Danielle Martin, a Toronto-based doctor, has recently been getting a lot of attention due to her participation in US Senate subcommittee debate about health care.  Brought in as an expert of the Canadian health care system, along with doctors from other first world countries that possess similarly accessible health care systems, she succeeded in making the Republican senator attacking her with half-truths and speculations about the Canadian medical system look ignorant.  More proverbial grist for the mill for the average Canadian nationalist looking for any reason to celebrate something "uniquely Canadian".  Both the National Post and the Toronto Star (the conservative and liberal papers, respectively) briefly bonded over this proud moment of Canadian punditry––they even had similar headlines about Martin "smacking down" US senator ignorance.
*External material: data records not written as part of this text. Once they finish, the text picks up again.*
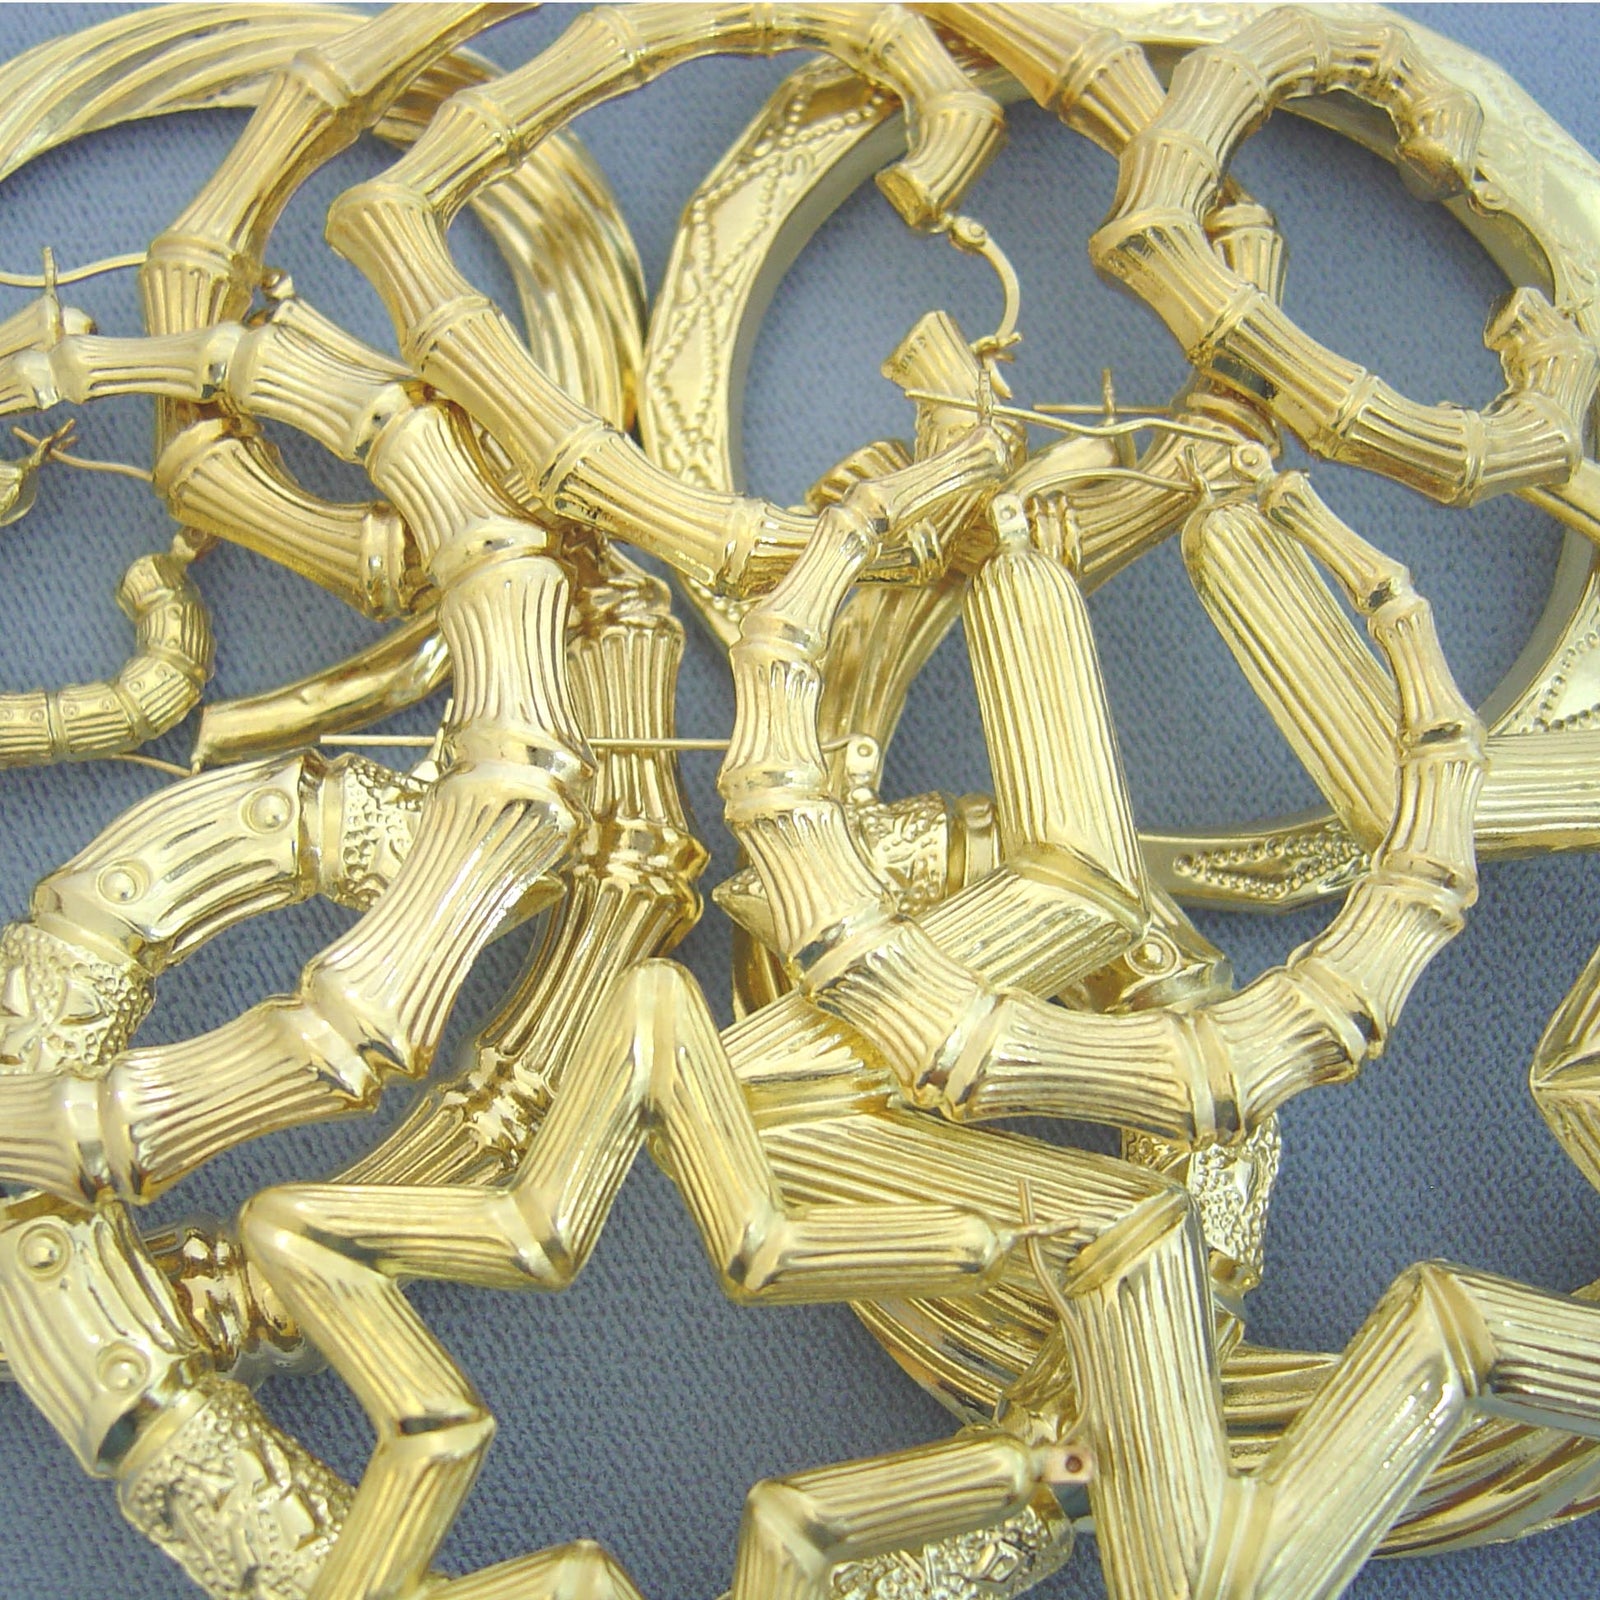 Bamboo Gold Earrings  53 For Sale on 1stDibs  18k gold bamboo earrings bamboo  earrings gold real gold bamboo earrings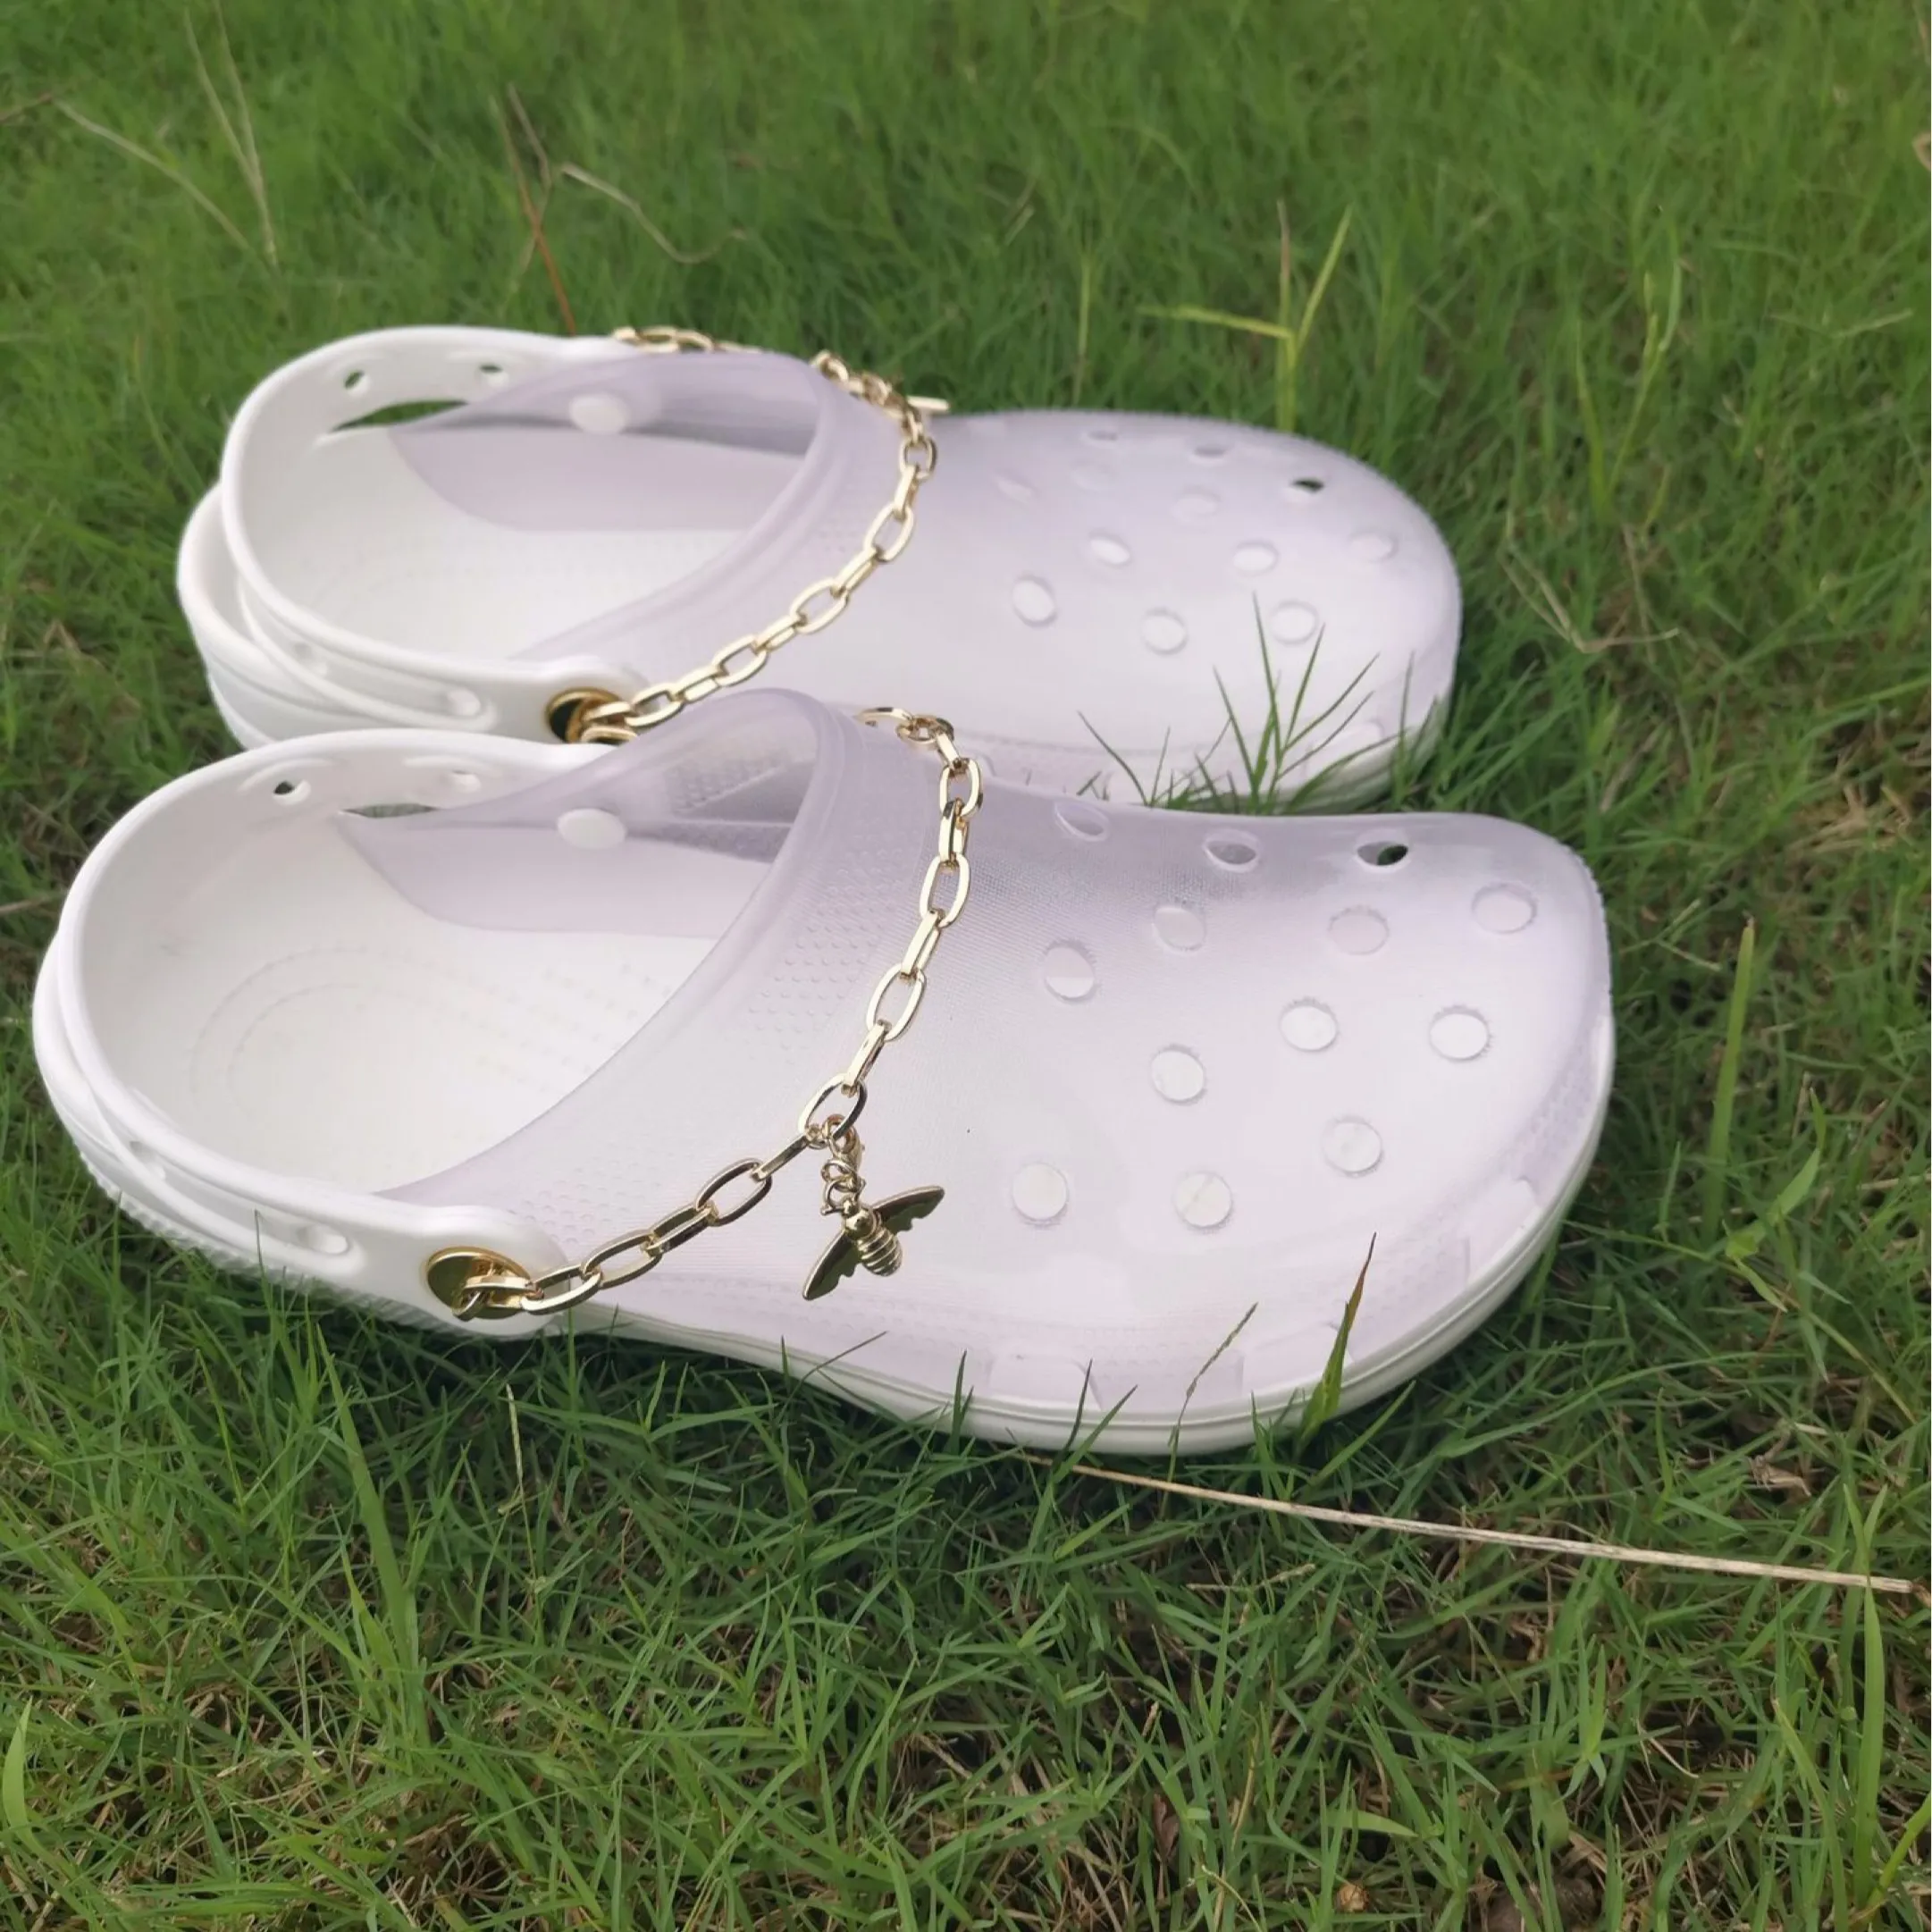 Wholesale Des Sandales Amazon Hot Sale Summer Clear Slide Platform Shoes Jelly Women Clog sandalias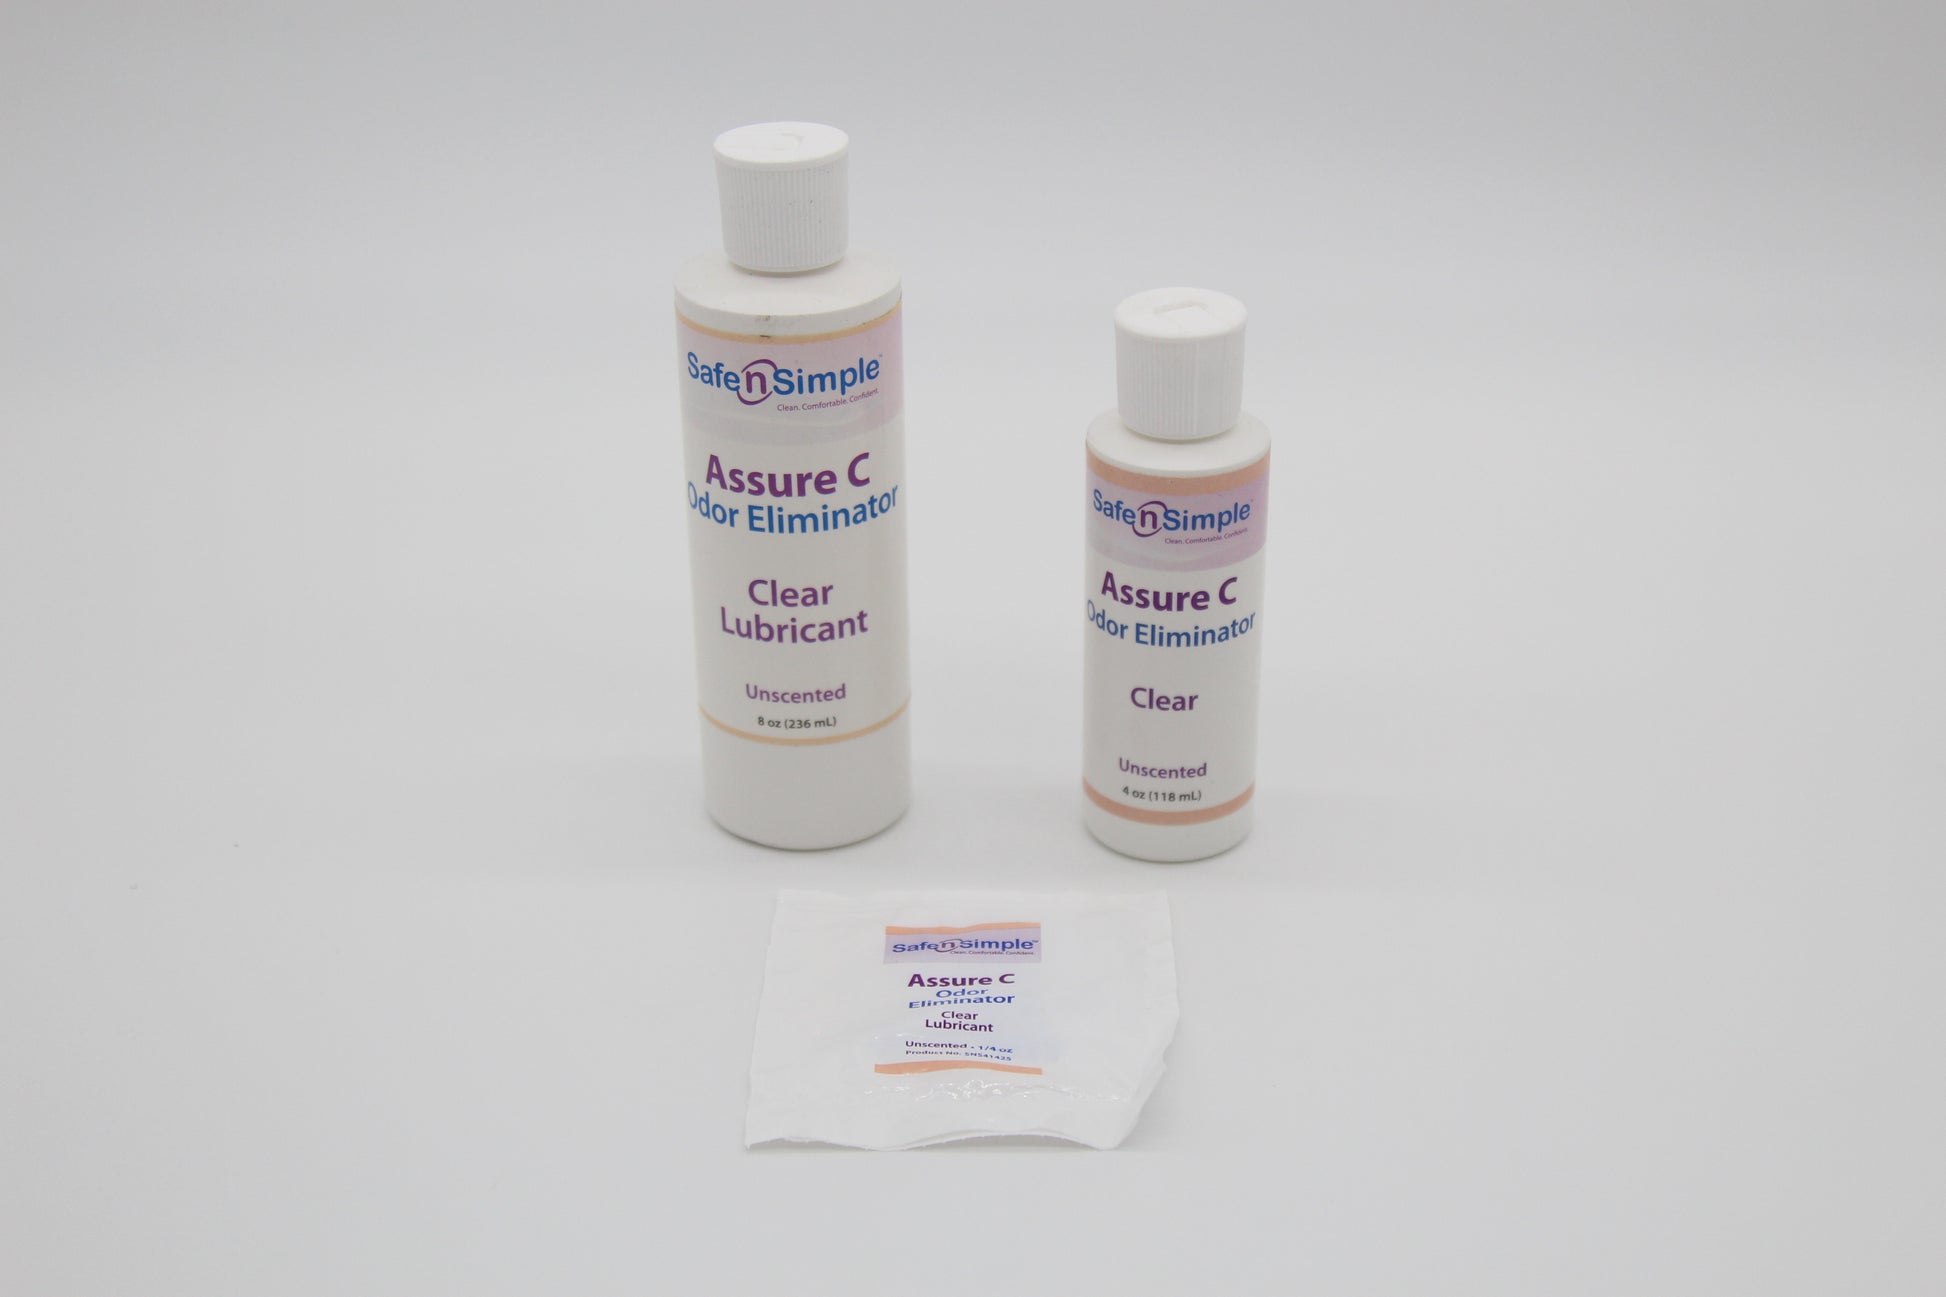 Assure C Odor Eliminator Clear | Medical products | New medical products | Safe n Simple | SNS medical

Obviously, there is something to be said about the assumptions and misapprehensions US conservatives have about medical systems other than their own, particular the Canadian system.  The dogma about people who die in the supposedly long line-ups (as if this argument from ignorance somehow outweighs the thousands of deaths produced by a denial of medical care), or the assumption that their medical system somehow possesses better doctors and medical technology, would be laughable if it wasn't so sad.  At the same time, the Canadian discourse surrounding our medical system, as well as the discourse of those social democrats who think of it in a utopian manner, is itself something that should be questioned.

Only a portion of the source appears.